MEETING WITH MY SURGEON

Nervous?  Yea a little bit.  Dealing with the unknown isn’t easy – that’s why before the meeting with Dr. Li Ming-Su I did my homework.  Amazing the depth of information that is available on the internet.

Great seeing Dr. Su and after some initial catch up he asked, “So, how are you these days?”

I would  loved to have said great…but I had to be honest.  “I feel great, but my PSA is rising and that concerns me!”

From that simple beginning I shared with my friend the progression – ever so slowly – of my rising PSA.  While he talked openly about probabilities the bottom line came down to this.  I had recurrent prostate cancer and that was nothing to be taken lightly.  The growth had been slow, which to him, was a positive sign.  Yet any growth in something that there should be no growth in was enough to set off alarms.

“Do I need to rush to deal with this?”

“No, but do you have a urologist?”

“No.”

“Allow me to recommend one.”

As you can imagine I was delighted to get a recommendation from someone I trusted with my life when prostate cancer was first detected.

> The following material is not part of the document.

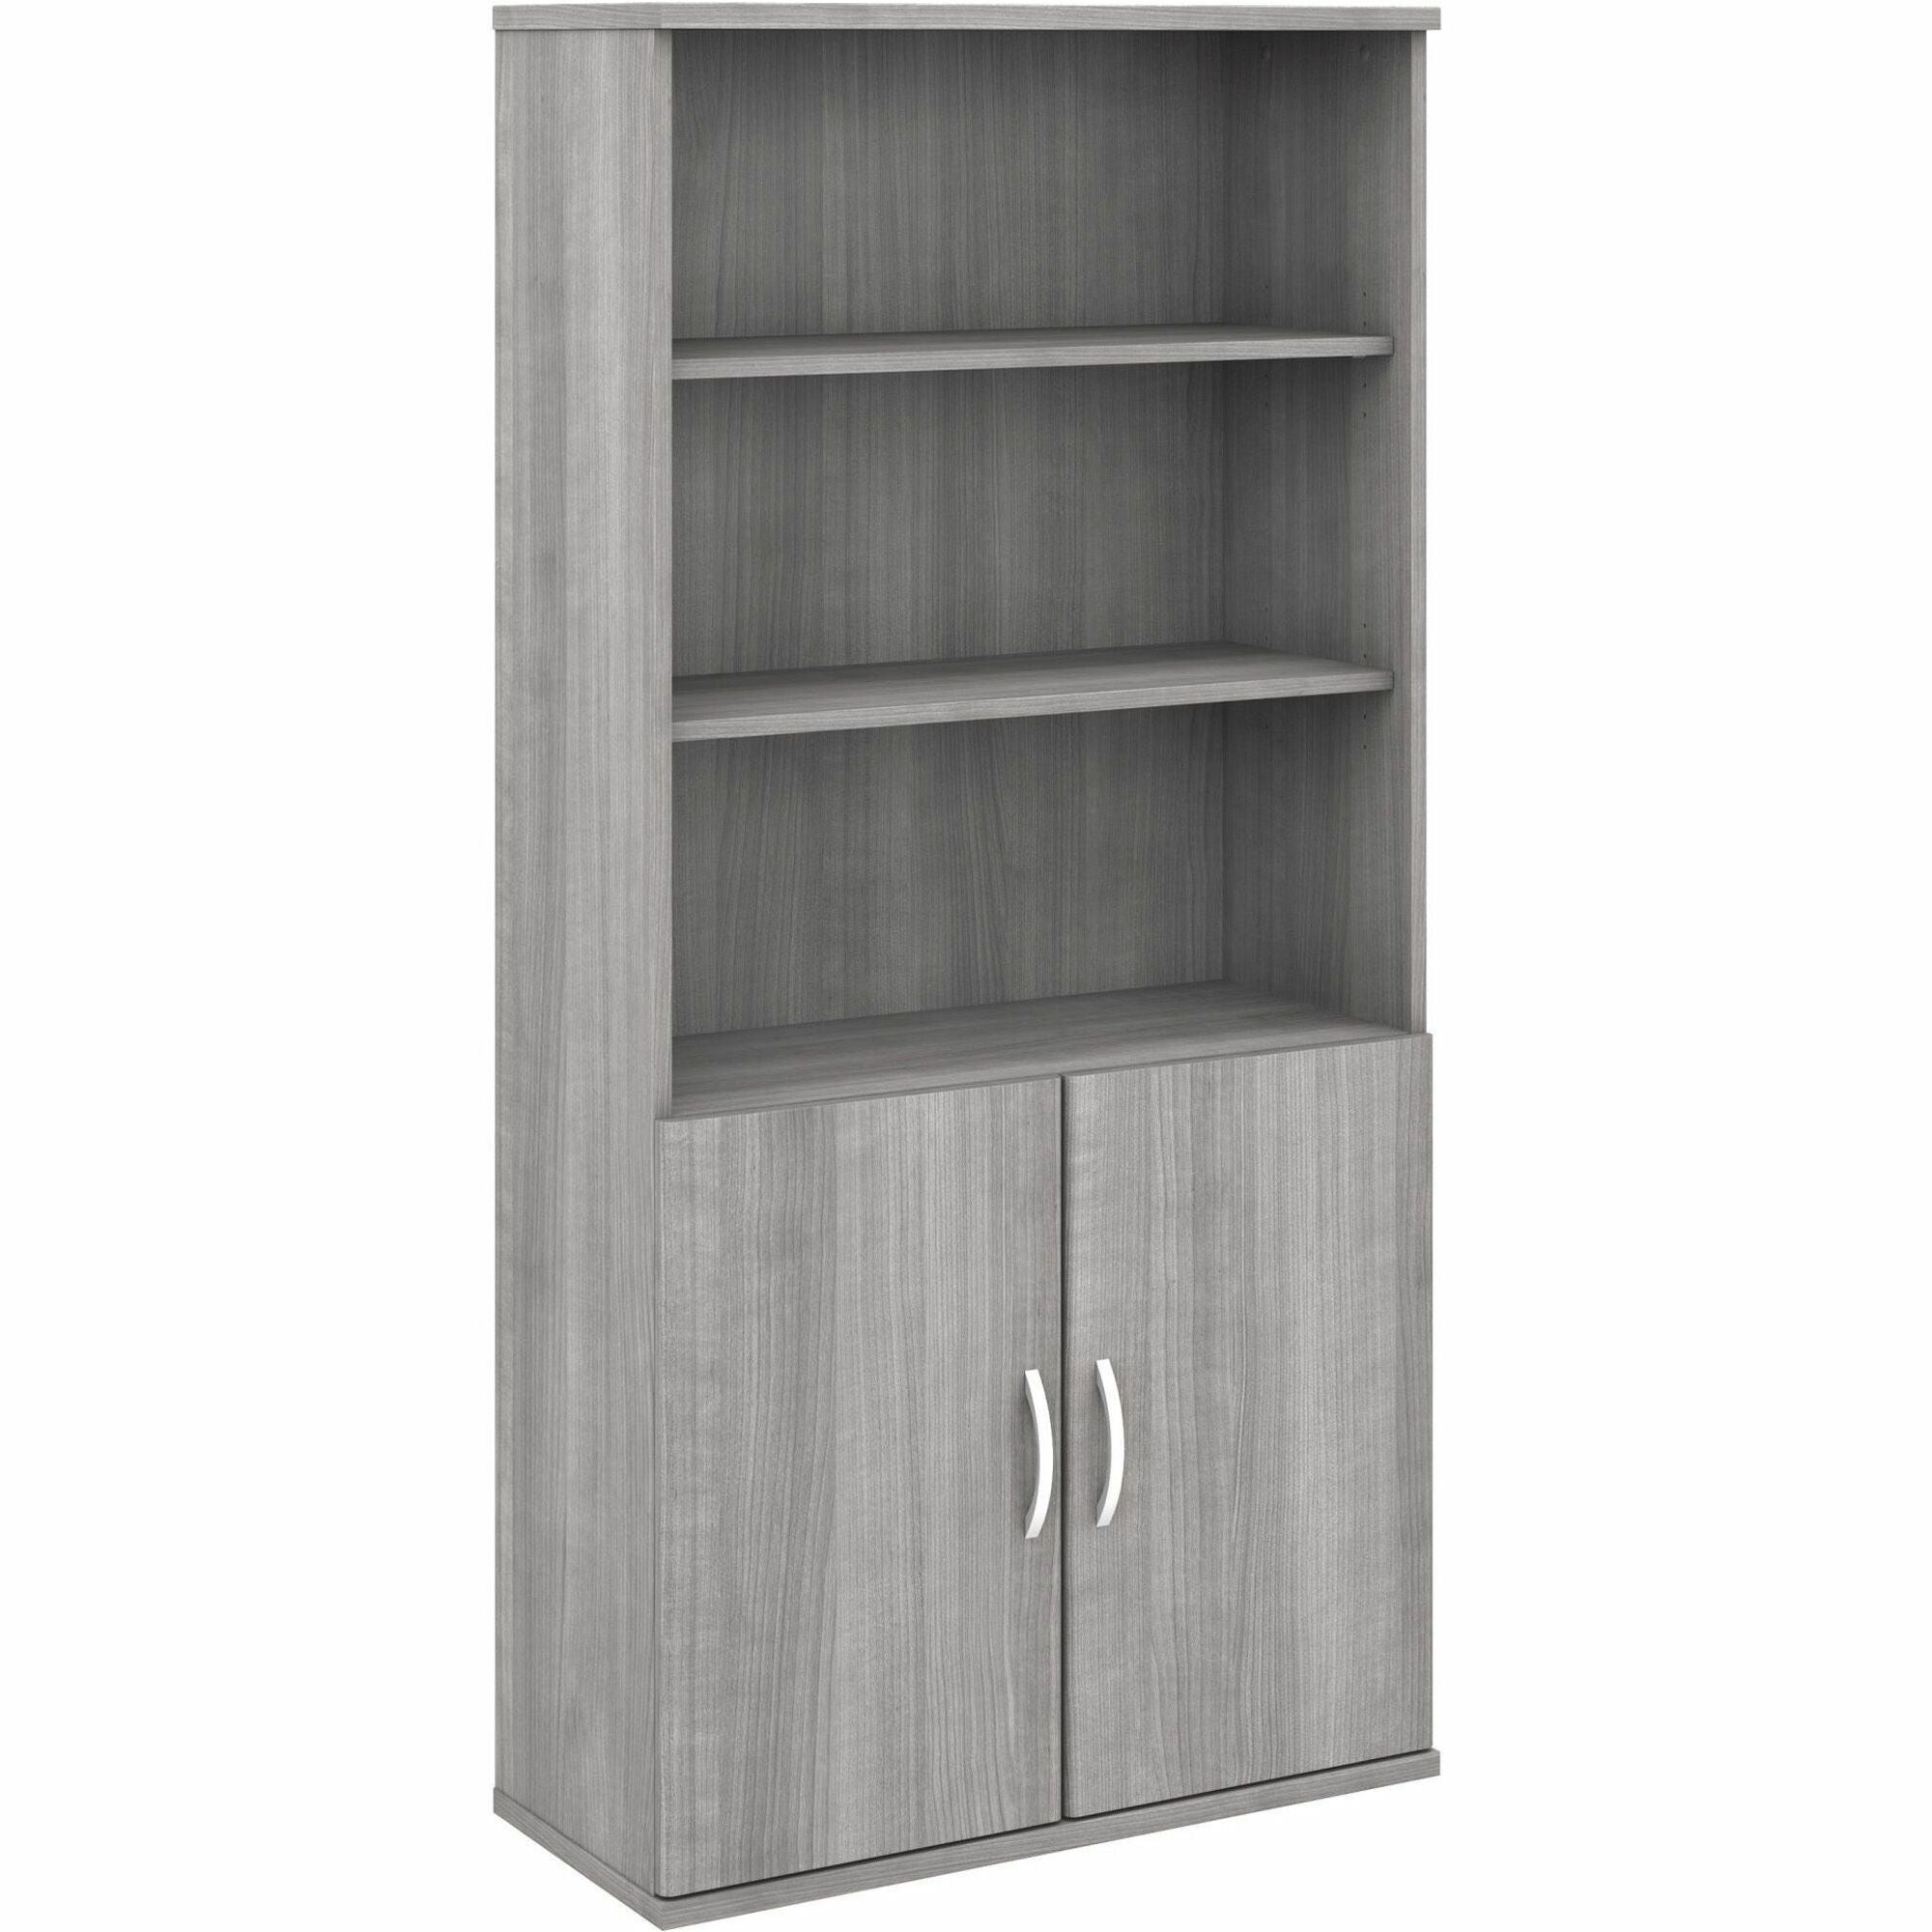 Bush Business Furniture Studio C 5 Shelf Bookcase with Doors - 36"72" Bookcase - 2 Door(s) - 5 Shelve(s) - 3 Adjustable Shelf(ves) - Finish: Platinum Gray, Thermofused Laminate (TFL) - 1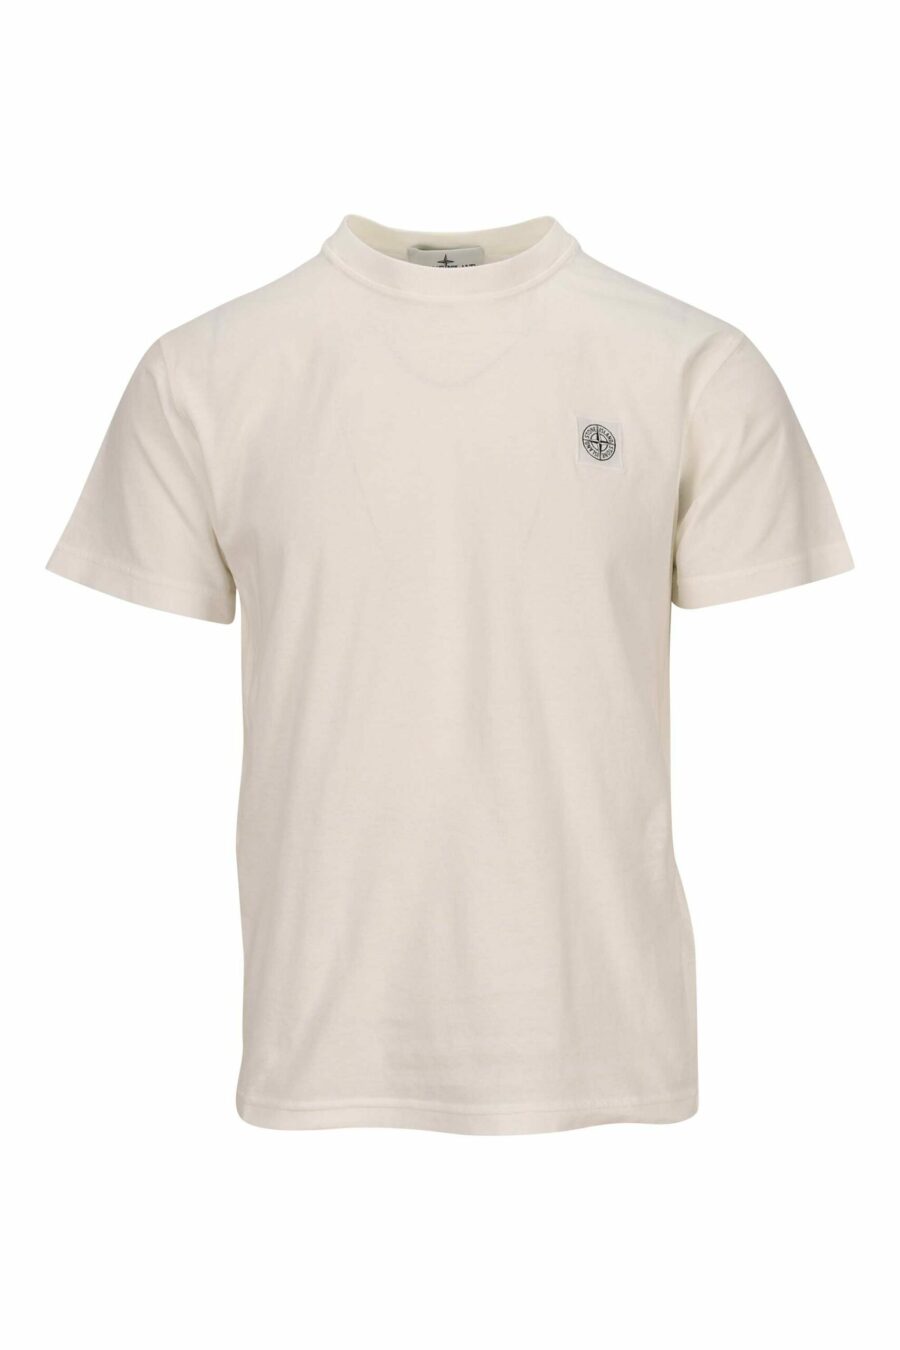 Camiseta blanca con minilogo brújula - 8052572902222 scaled

I can’t quote him as this part is shared more in general terms rather than specific comments, but when prostate cancer returns after surgery then one becomes a candidate for salvage treatment when, for the most part, is radiation and/or hormone therapy.  Neither of which I wanted – especially hormone therapy.  But it was now time to come to grips with the harsh reality of being told yet once again that I had prostate cancer.

NEXT STEPS

Occupying my mind with next steps was far easier than dealing with the emotions that kept creeping into my being.  Optimistic?  Yes!  Yet at 56 it doesn’t yet seem to make sense to connect with one’s mortality.  It seems far more normal to believe that life will go on for 30 more years and that I have “plenty” of time to do what I came here to do.  Yet, with a second diagnosis of a disease that can prove to be fatal it is clear to me that I need to re-evaluate my priorities and choices.

I guess when we are young we think that we will live forever.  As we age we know that is not true.  But, damn it, it seems that we shouldn’t be spending too much time thinking of life or the lack thereof till we are 70 or older.  Now I am wondering if I’ll make it to the age when I can draw social security.  Not that that is important, but I’ve paid into it so it seems that getting back is an entitlement.  (And I can’t even believe I used that word!)

For now…the question is what am I willing to do to preserve life in a manner that I wish to live it?  As I write those words it strikes me that “in a manner I wish to live it” is important for me – at least at this point.  Perhaps faced with no life I’d consider making different choices, but at this moment the NEXT STEPS will be a journey of discovery – both inward and outward.